Утром Евдоким Дометьевич свесил ноги с нар, покрутил тяжёлой с похмелья головой, крякнул, натянул старые валенки и потопал к умывальнику. Намылил руки, провёл по лицу всей пригоршней, остановился, снова провёл – ладони мягко скользили по бритому лицу. Евдоким тряхнул плечами, плеснул ещё одну пригоршню воды на лицо. Задумчиво потёр щёки, подбородок, потянулся к осколку зеркала.
– Чё, дядя Евдоким, голова болит? – участливо ввернул Андрюха.
– Не твоё дело, – хмуро пыхнул Кузяев, протирая лицо полотенцем. Тут же открутил крышку своей пагубы с брагой, налил, смачно крякнул, выпил…
К вечеру история повторилась. Евдоким спал мертвецким сном, а молодой брадобрей упражнялся над его щетиной.
Второе утро началось с поиска зеркальца. Найдя его и увидев своё отражение, Евдоким набычился, смолевые брови, как чёрные кошки, взлетели над глазницами.
– Чё случилось, дядя Евдоким? – с невинными глазами пристал к нему Андрюха.
Евдоким молчал, ошалело озираясь вокруг. Мужики подтянули животы – смех уже распарывал их. Наконец Евдоким шагнул в угол, поднял свою канистру. Жахнул кружку, налил вторую, подсел к столу. Зябкая дрожь колотила его. Потом он впал в глубокое раздумье. Вставая с лавки, ходил по зимовью, искал свой рюкзак, рылся в нём. Но коробочка с бритвой и помазком была упакована его рукой ещё в деревне.

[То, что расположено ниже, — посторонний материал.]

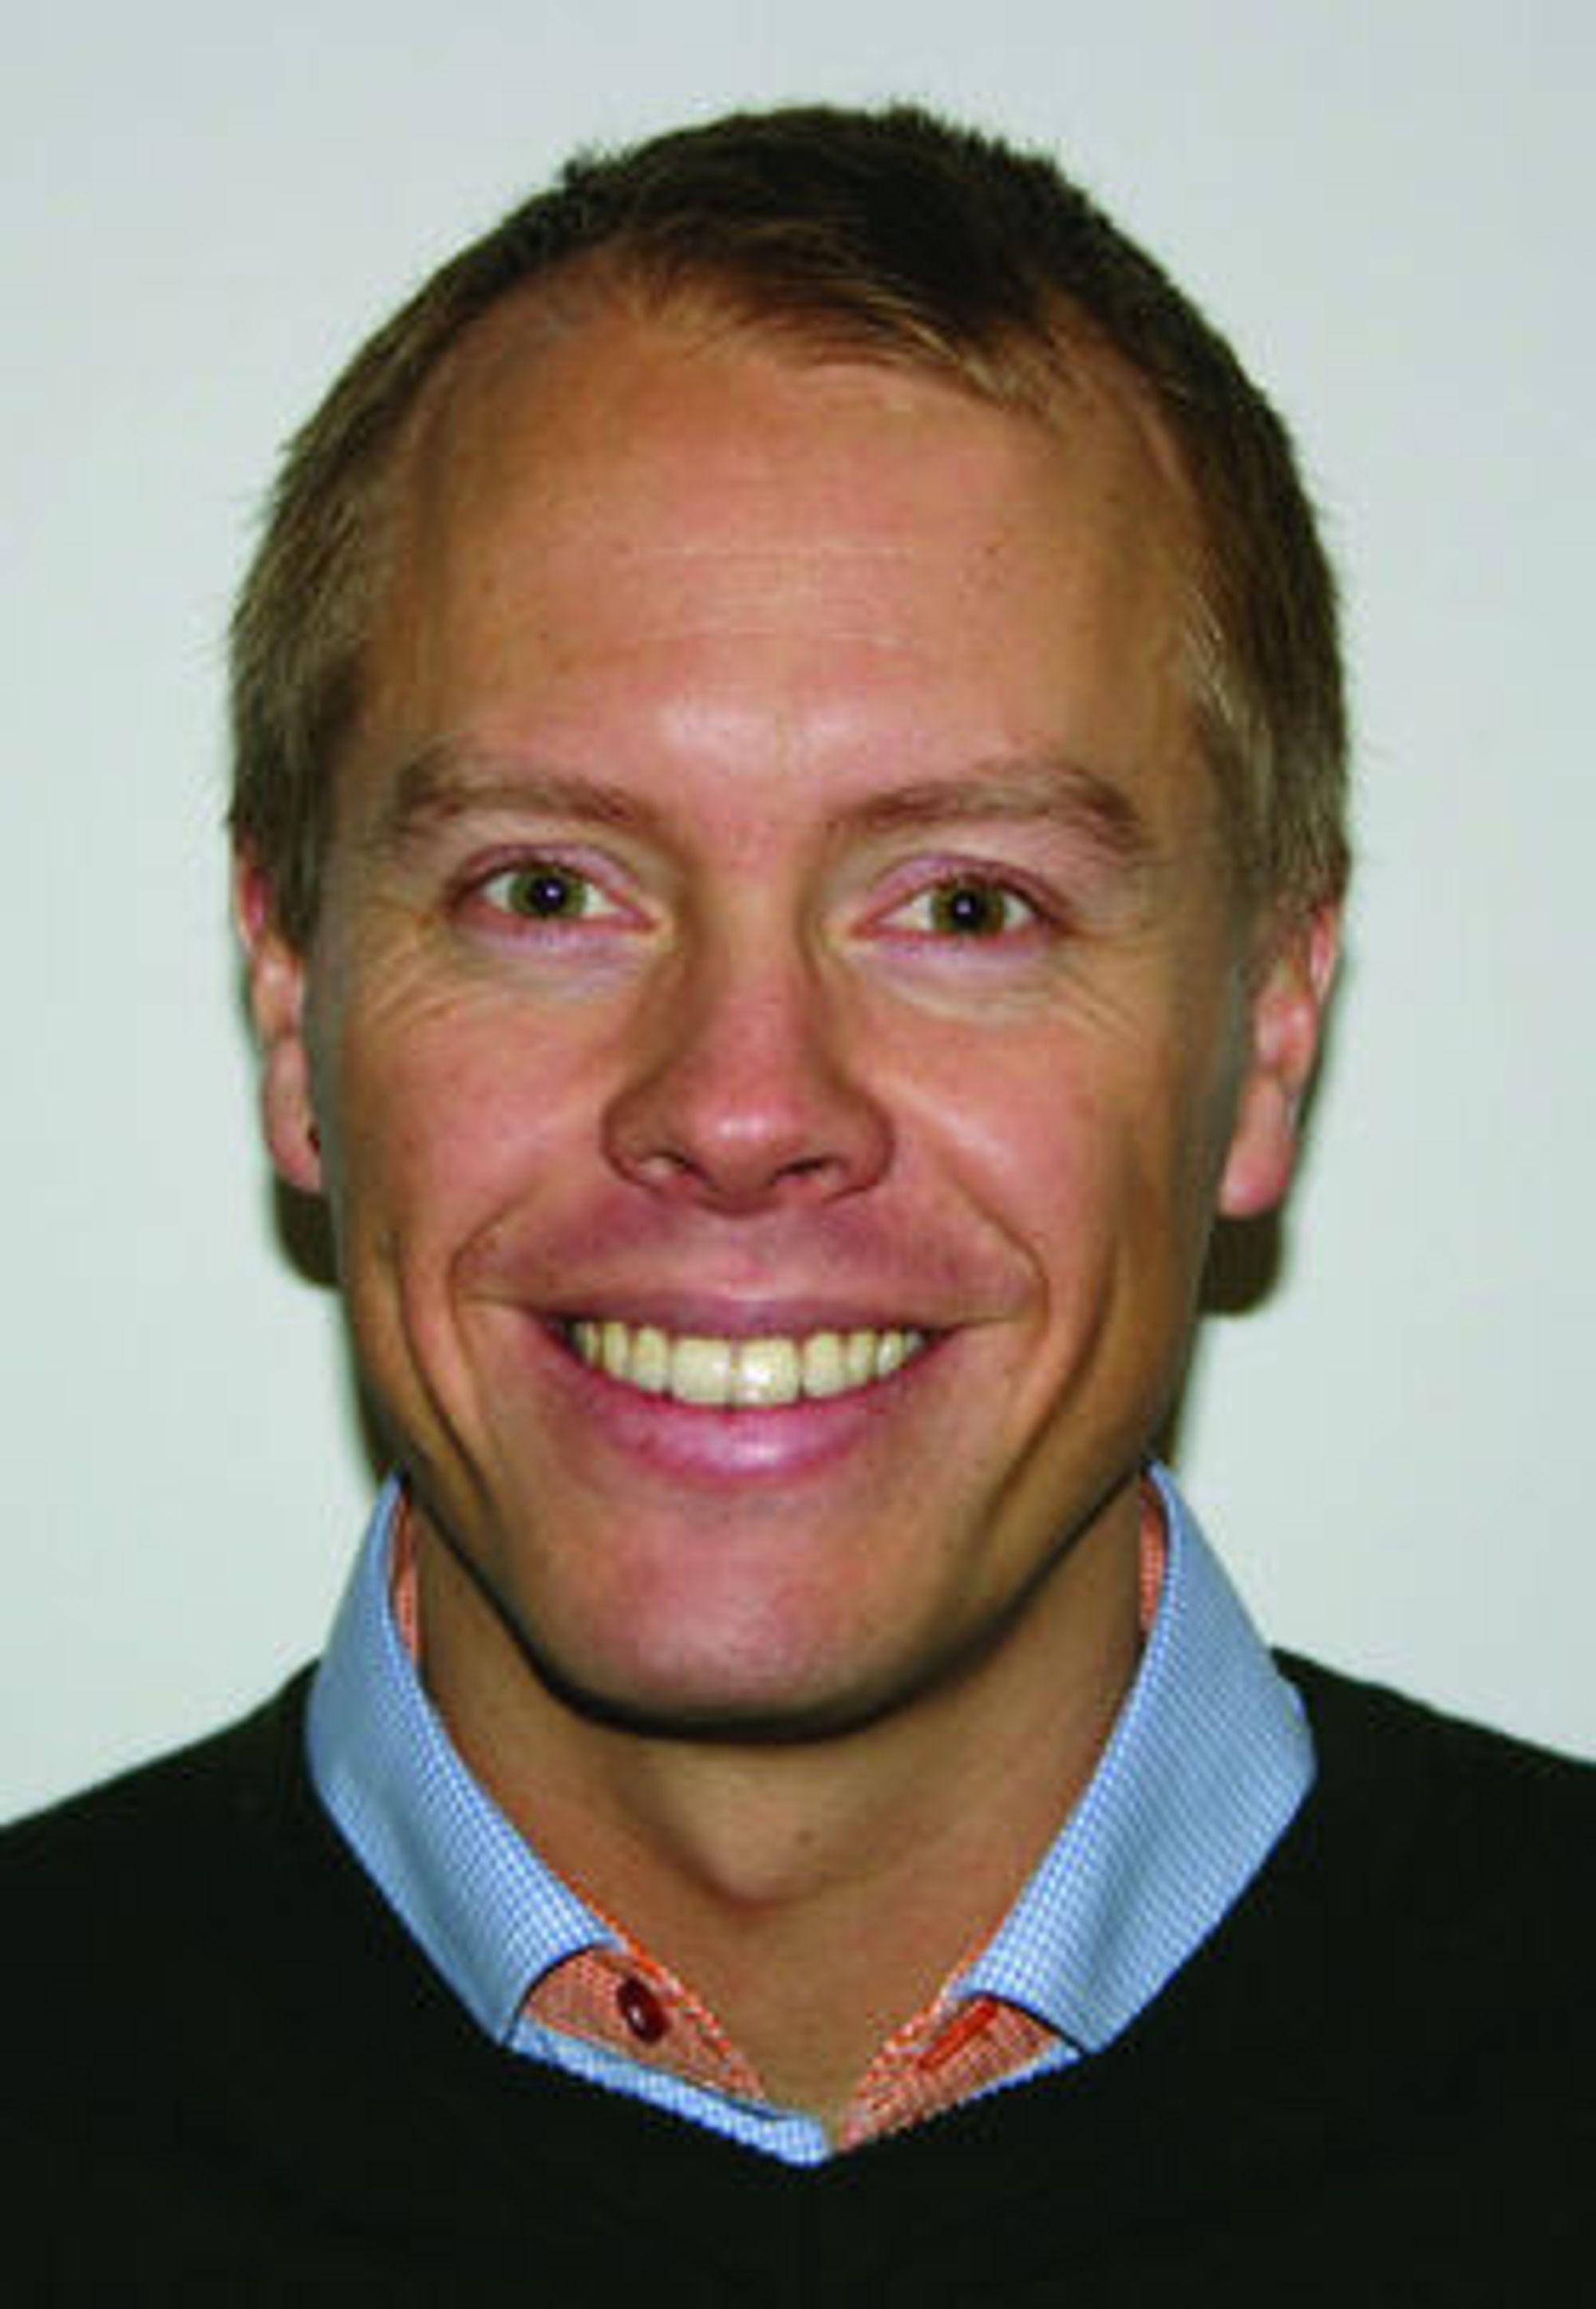 Lars Haakon Søraas er gründer av Legelisten.no AS.

К полудню мужики потрафили товарищу: дружно поддержали его, откупорили свои бутылки, чокались и подливали Евдокиму…
На третье утро, после очередного вечернего бритья, Евдоким спал до десяти. Андрей уже по второму разу вскипятил воду, заварил чай, стал будить:
– Дядя Евдоким! Вставай, паря, чаёк готов.
Кузяев откинул полушубок, полежал минуту, потом осторожно, словно нёс хрустальный кубок, поднял руку, помедлил и, наконец, провёл пальцами по верхней губе. В зимовье воцарилась тишина.
– Муж-жики! – свистящее шипенье рассекло воздух. – Муж-жи-ки, это что ж такое, а?
– Что такое? – всполошились все.
– Б-барада н-не растёт, – почти заплакал Евдоким.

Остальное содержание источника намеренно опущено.